First did or did not the attached file come out as readable or all rough , I opened it and if I had not been the one who drew it I could not tell what it might represent.

as to the other questions: elevator was representing a hydraulic cylinder rod end not really a elevator (just to show movement ), the direction is down , the chamber/cylinder pressure minus the rod diameter equals 1200 LbF downward , no this drawing is different as to the other drawing, I wiil submit the more accurate drawing as related to the real device and how we need to measure the forces with the right formulas , I am getting hungry hope I when the bet.
thanks
The lunch debate team

#### Attachments

• force second class lever bmp.bmp
244.7 KB · Views: 940
snakeeyes: The image quality and legibility for all three attached files came out well.

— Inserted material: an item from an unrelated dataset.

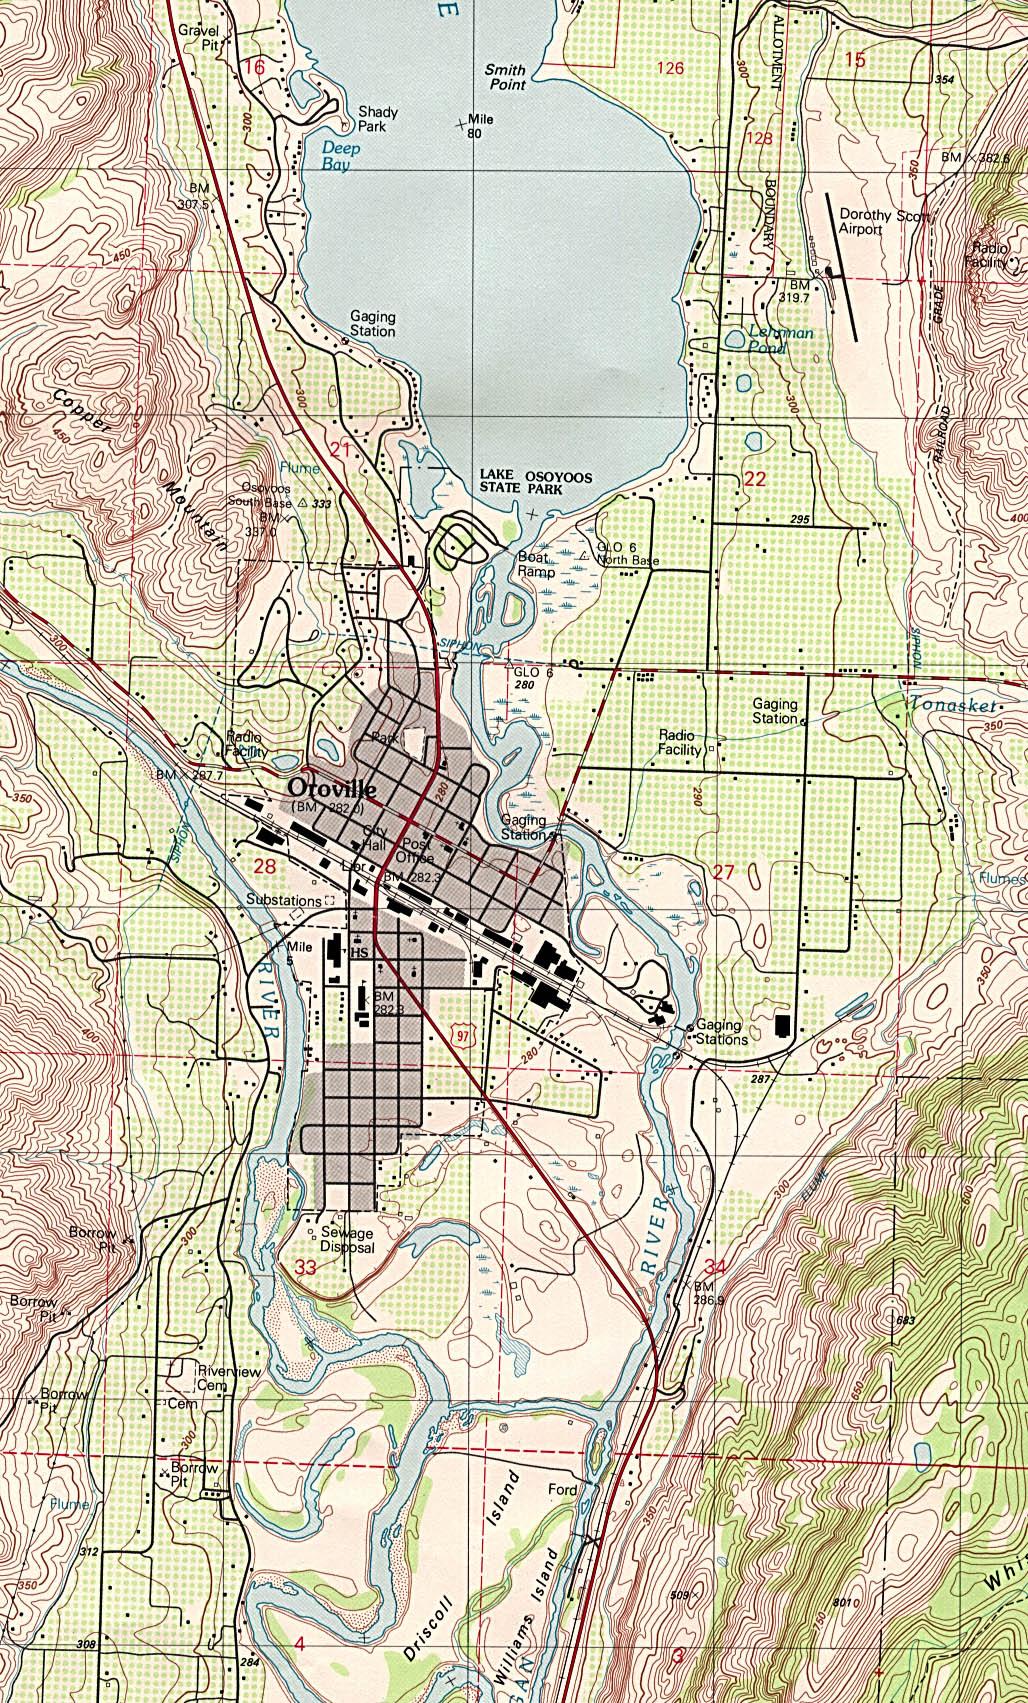 Mapa Topográfico de la Ciudad de Oroville, Washington, Estados Unidos

The active force, also called the effort, is applied to a movable point on a lever; it is the input force or action. In your case, the effort is the hydraulic cylinder force. A fulcrum is a stationary or almost stationary pivot point. The force at a fulcrum is a reaction force. In your third attached file, the fulcrum is the stationary, right-hand pivot point, as described in post 2 for figure 5. The formula is given in post 2.

## 1. What is hydraulic force?

Hydraulic force is the force that is exerted by a fluid, such as water or oil, on an object. It is a result of the pressure applied by the fluid on the surface of the object.

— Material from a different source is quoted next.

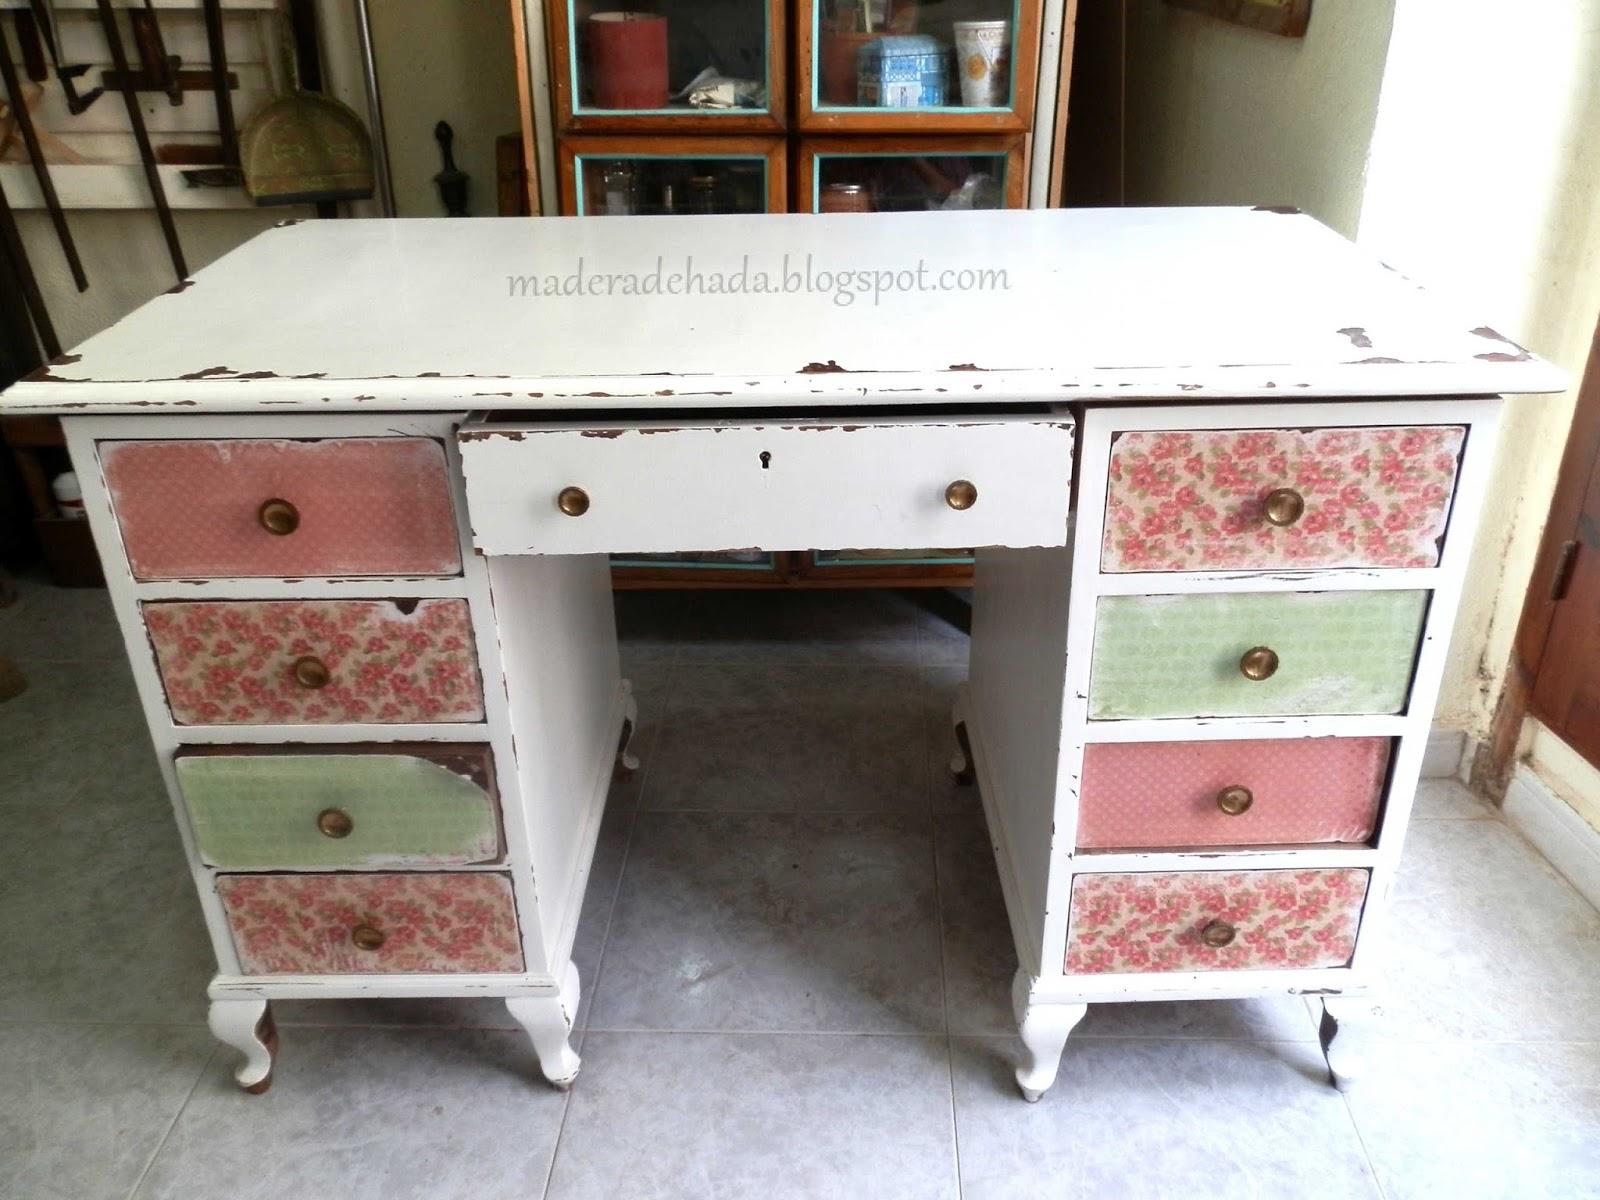 Como quitar la pintura a un mueble de madera madera de hada - Como decapar un mueble ...

## 2. How is hydraulic force calculated?

The formula for calculating hydraulic force is force = pressure x area. This means that the force is directly proportional to the pressure and the surface area of the object.

## 3. What is the relationship between hydraulic force and linkages?

Hydraulic force and linkages are related because linkages are used to transfer the force from the hydraulic system to the object being moved. This allows for a greater force to be exerted on the object without having to directly apply the force.

## 4. How does the length of a linkage affect hydraulic force?

The length of a linkage can affect hydraulic force by changing the angle at which the force is applied. A longer linkage can create a greater angle and thus a greater force, while a shorter linkage will create a smaller angle and a smaller force.

## 5. What are some common applications of hydraulic force formulas to linkages?

Hydraulic force formulas to linkages are commonly used in various types of machinery and equipment, such as cranes, forklifts, and hydraulic lifts. They are also used in hydraulic systems for vehicles, such as brakes and steering. In addition, they are used in industrial processes, such as metal stamping and pressing.